Alan visits Paula’s ex for a chiropractic appointment. Paula’s ex makes a move on Alan, and Alan is tempted. To Walden! Walden goes to Brooke the waxer’s office for some manscaping and romantic espionage.
Brooke: Don’t I recognize you? Are you the guy who chased me out of his house because he caught me banging his wife? Because she came on to me.
Walden brings up Jenny, and screams like a baby as Brooke rips out junk hair. Walden asks Brooke to take Jenny out again.
Brooke: I don’t know, I usually try to keep it casual. Lesbians get really emotional, and somebody always ends up screaming or crying.
Walden screams and cries as Brooke tears out the taint. Brooke, impressed by Walden’s friendship, agrees to go out with Jenny again.
The next morning, Walden hobbles into the kitchen and gently ices his junk. Jenny enters in a paisley blouse monstrosity. Walden tells Jenny that Brooke is going to call her, and Jenny gratefully thanks him.
Back to Alan’s bed: Paula and him finish banging.
Alan: I gotta say, the guy who sculpted your hoo-ha is an artist.
Aw. Honestly I think Alan is sweet sometimes. But he’s about to get gross. Alan asks Paula is they are exclusive. Paula wants to be a slut, so Alan is free to go. He’s totally about to fuck a good thing up by sleeping with Paula’s ex.
In Malibu, Jenny is panicking over her date with Brooke.
Jenny: I’ve tried on like a million outfits! Butch, femme, lipstick, pixie… There was even a dark moment where I was wearing one of Alan’s polos!
Aw, the writers at CBS knew three lesbian stereotypes before starting to just make shiz up. Someone’s skimming AfterEllen! Alan tells Jenny to just be herself.
Jenny: You’re right… WWJD—What would Jenny drink?
PREACH girl. I regularly pre-game for first dates, especially when I have little interest in going on a second. Maybe Jenny should read this Five First Date Faux Pas list I wrote! Cross promotion, bitches. Jenny pours a stiff vodka-soda. Omg squee we have the same, “Let’s get fucked up but stay skinny” drink twinsies!

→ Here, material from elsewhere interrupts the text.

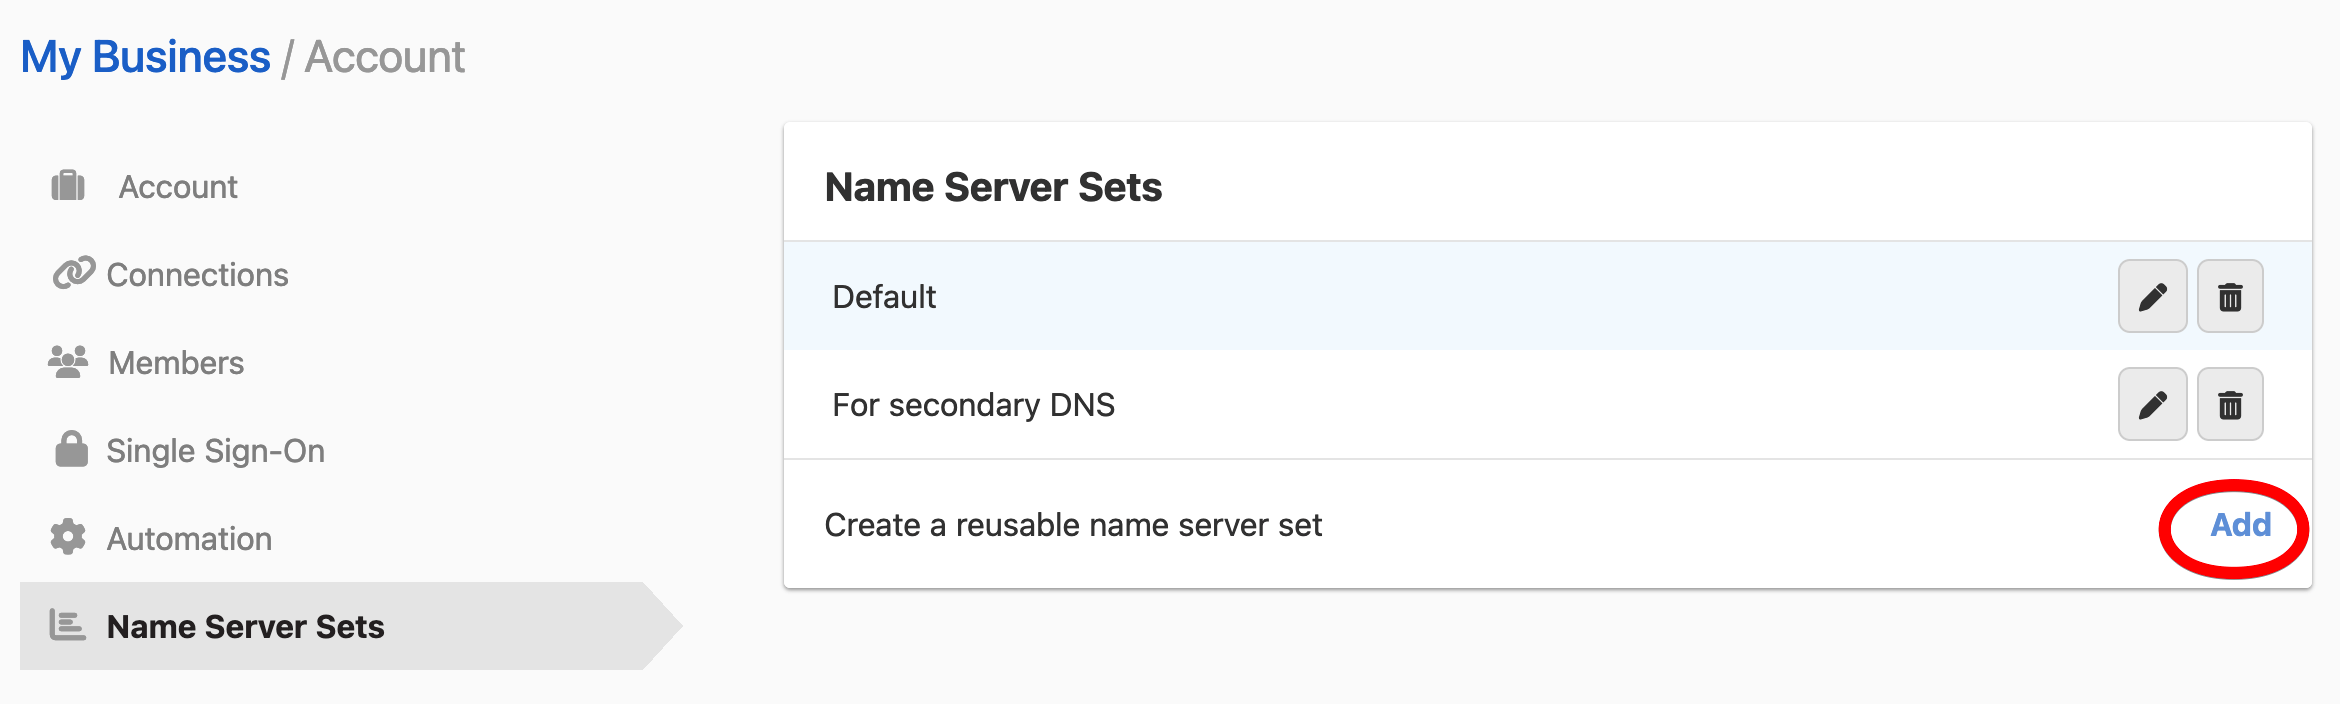 Adding a name server set

Alan meets up with Rachel for drinks and sexual innuendo. Paula walks into the bar and Rachel is like, “What a coincidence” and Paula is like, “Ho, yo know I go here every friday don’t even start that shit” and Alan makes a joke about his potentially deformed penis. Even though Paula and Alan aren’t exclusive, it’s not cool of him to go after her ex. ‘It hurts losing the man of your dreams,’ Brooke sneers, and it’s clear this is a mad fucked up relationship. Paula says she’s just with Alan because Alan doesn’t mind the sex-change. Paula and Brooke realize that they still have feelings for each other and start making out, while Alan snaps pictures.

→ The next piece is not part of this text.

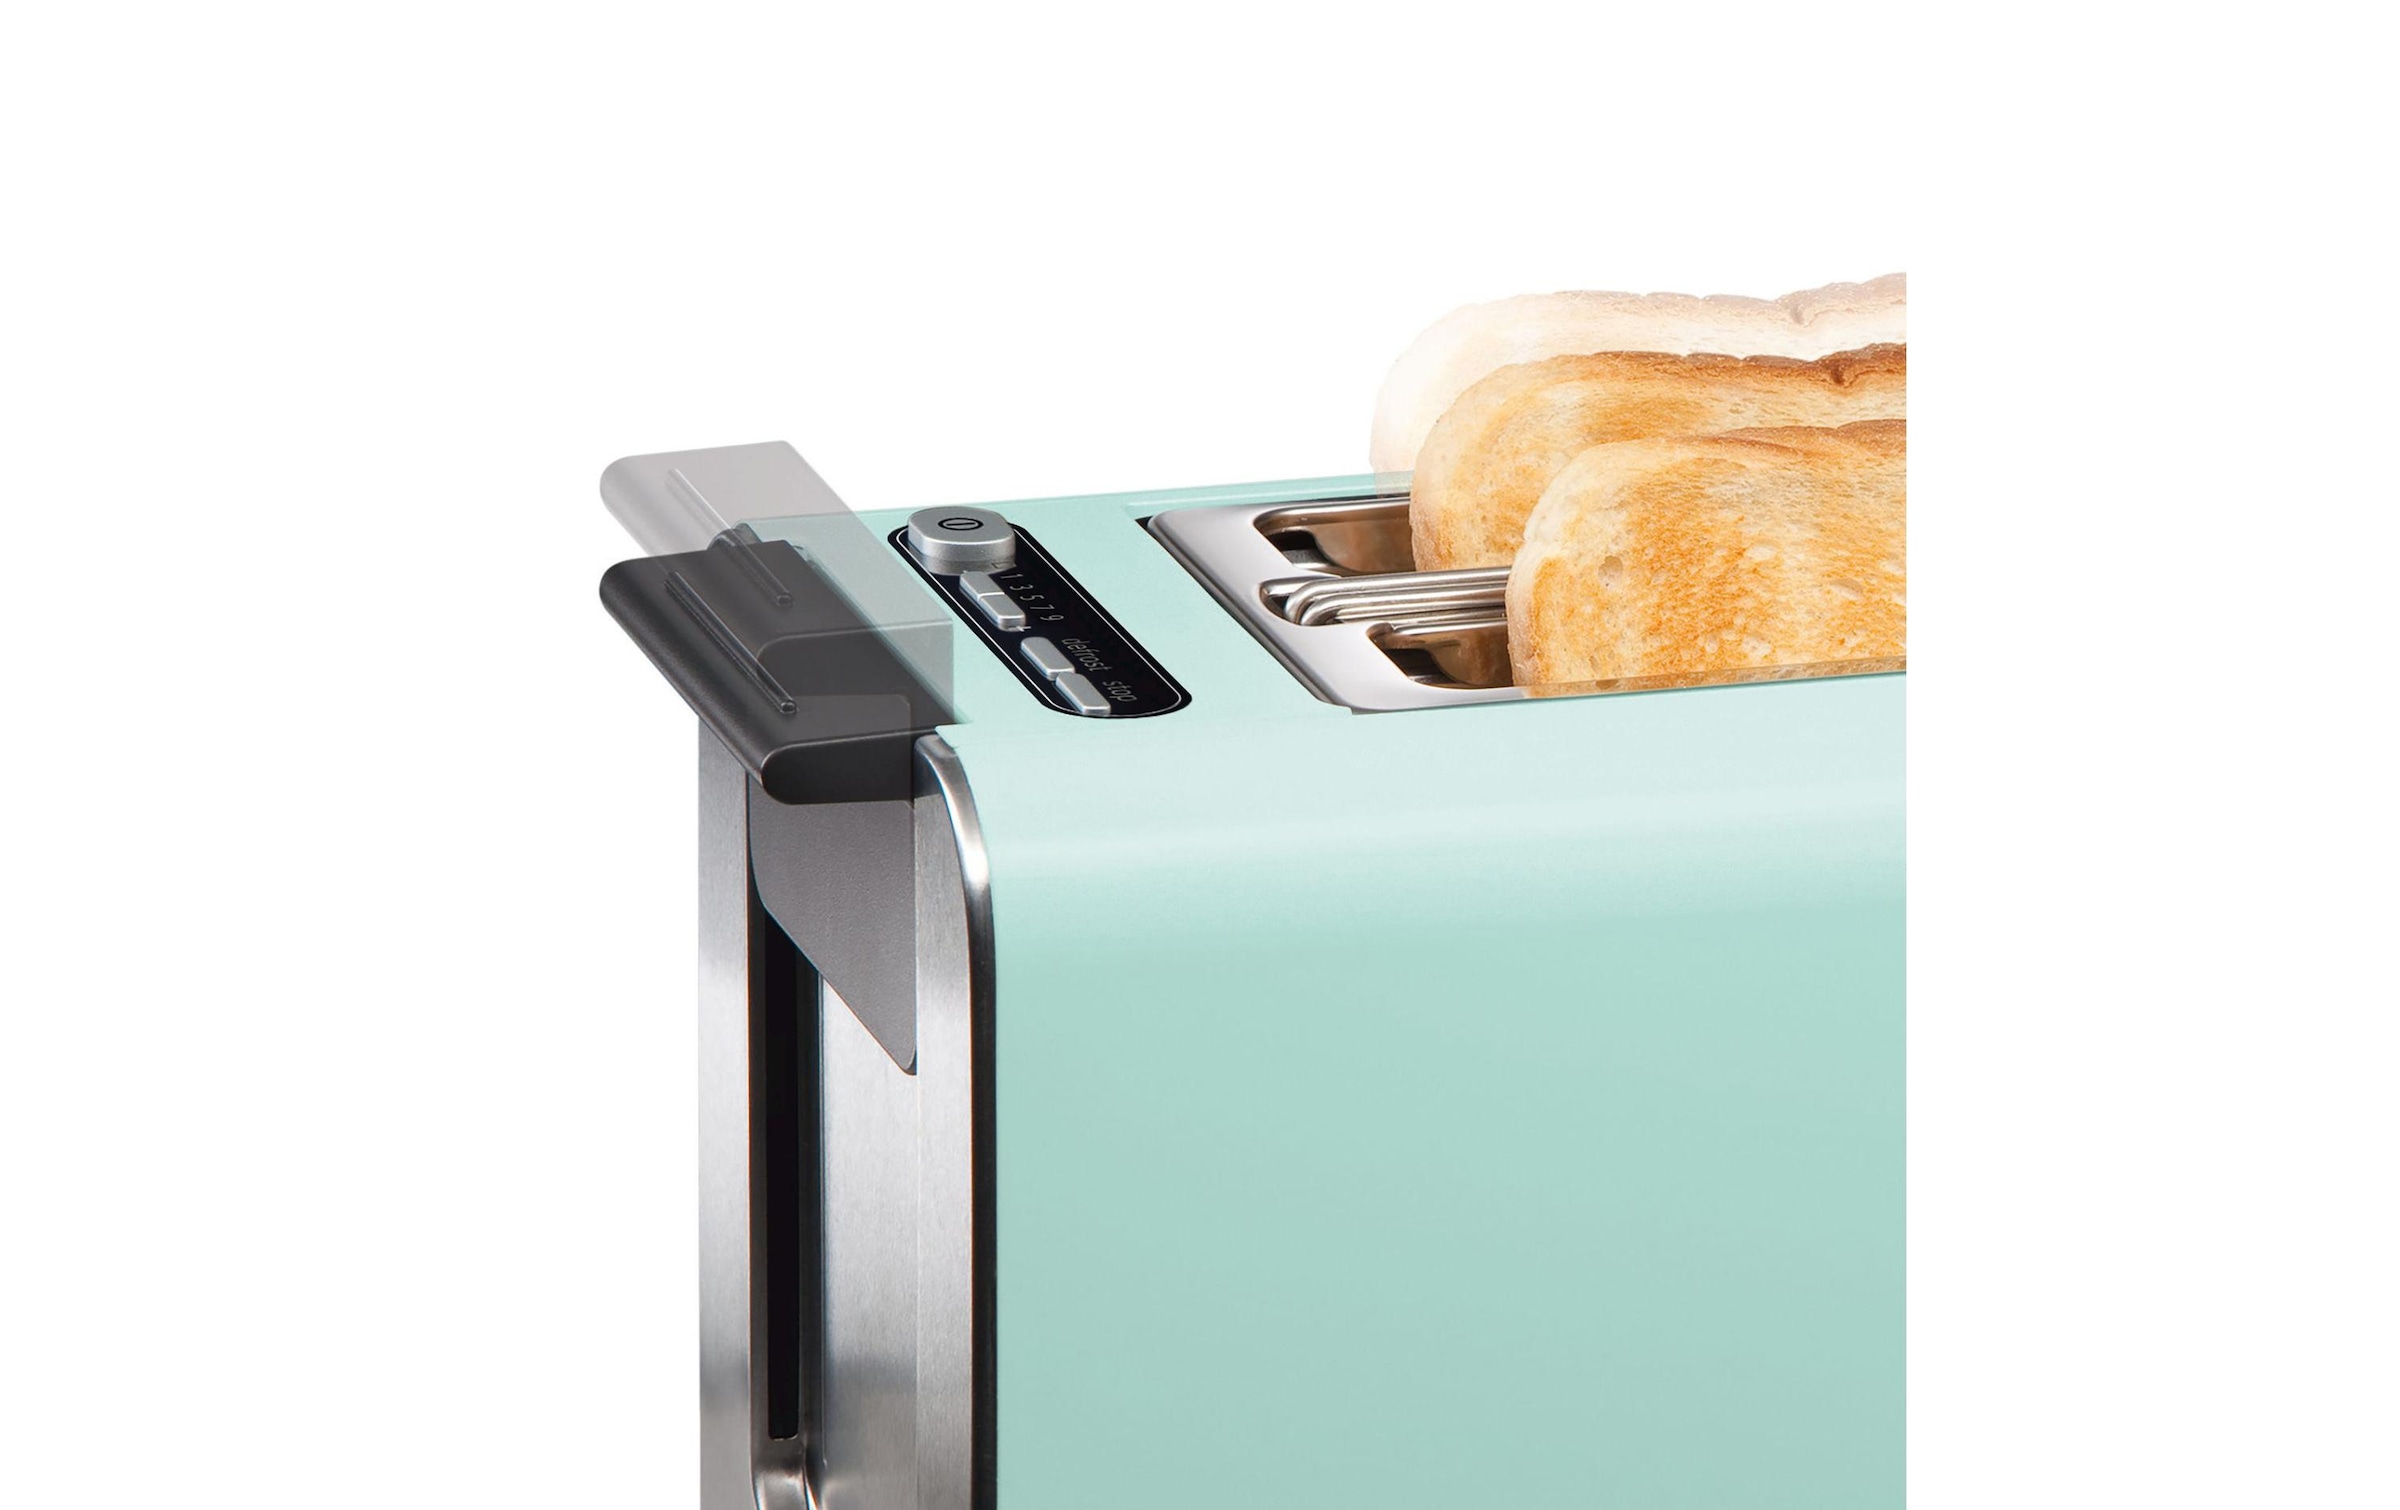 BOSCH Toaster »TAT8612 Mint«, 860 W

Back to Malibu! Jenny is black out drunk passing between incoherent and unconscious. The doorbell rings! It’s Brooke, totally wasted, holding an empty bottle.
Walden: You drank that whole bottle by yourself?

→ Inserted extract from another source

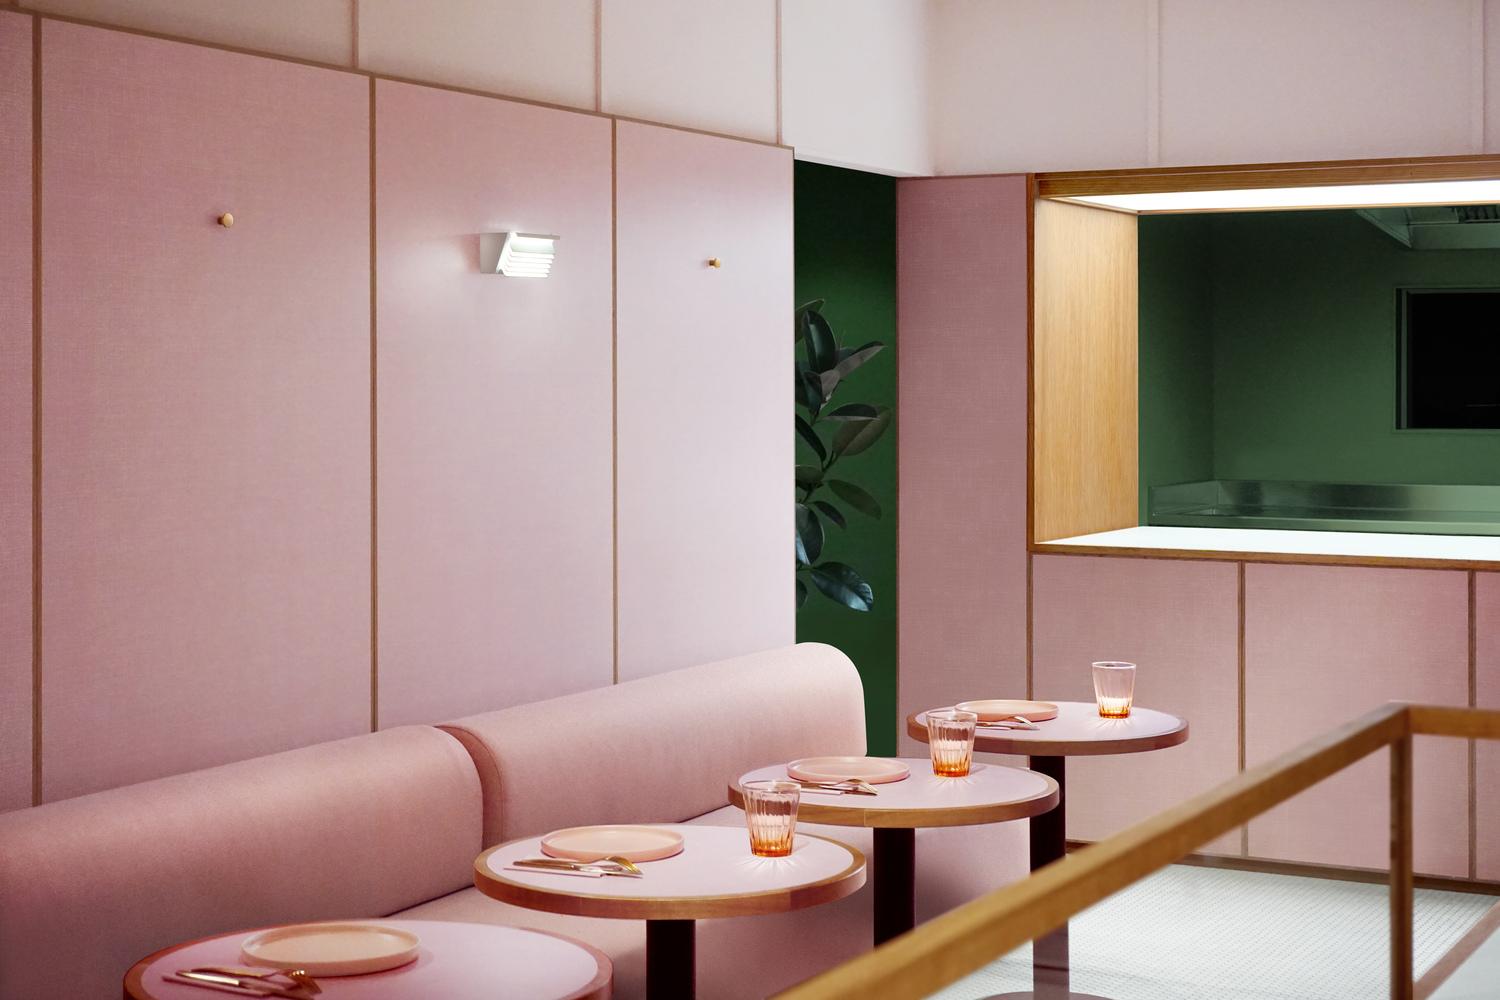 【倫敦必去粉色新餐廳】沿用電影建築風格 重塑50年代英國流行文化

Brooke: It’s OK, I’m going to eat later.
Lulz. Cute. Brooke is fine. I kinda love that they’re both wasted because they got nervous about going out with a girl they actually like. How deranged does that make me? That I’m relating to lesbian characters on Two And A Half Men? Jeezuz. After 10 episode recaps, I’m clearly forming some sort of stockholm syndrome with TAHM. It does make the task more pleasant, so I’ll go with it.
Brooke: I’m sorry, I never do second dates and I’m nervous because I really like Jenny.
Walden helps Brooke stumble over to the couch, where Jenny is passed out.
Brooke: Oh, cute, nap date!
Brooke collapses on the couch and passes out on top of passed out Jenny.
AWWW I WANNA BLACK OUT NAP DATE. Fuck, I’ve accidentally had blackout nap dates, why not just be upfront about it? “You’re really pretty and cool and that scares me so let’s not feel or remember anything so I can get through this.” Whose insies? Walden stops to admire the fetching if sloshed duo.
Walden: Awww. It’s like drunk, gay puppies! Squee!
Then Walden takes a picture because fuckers be creepy. Oy. Love/hate. Love, stockholm syndrome, and hate.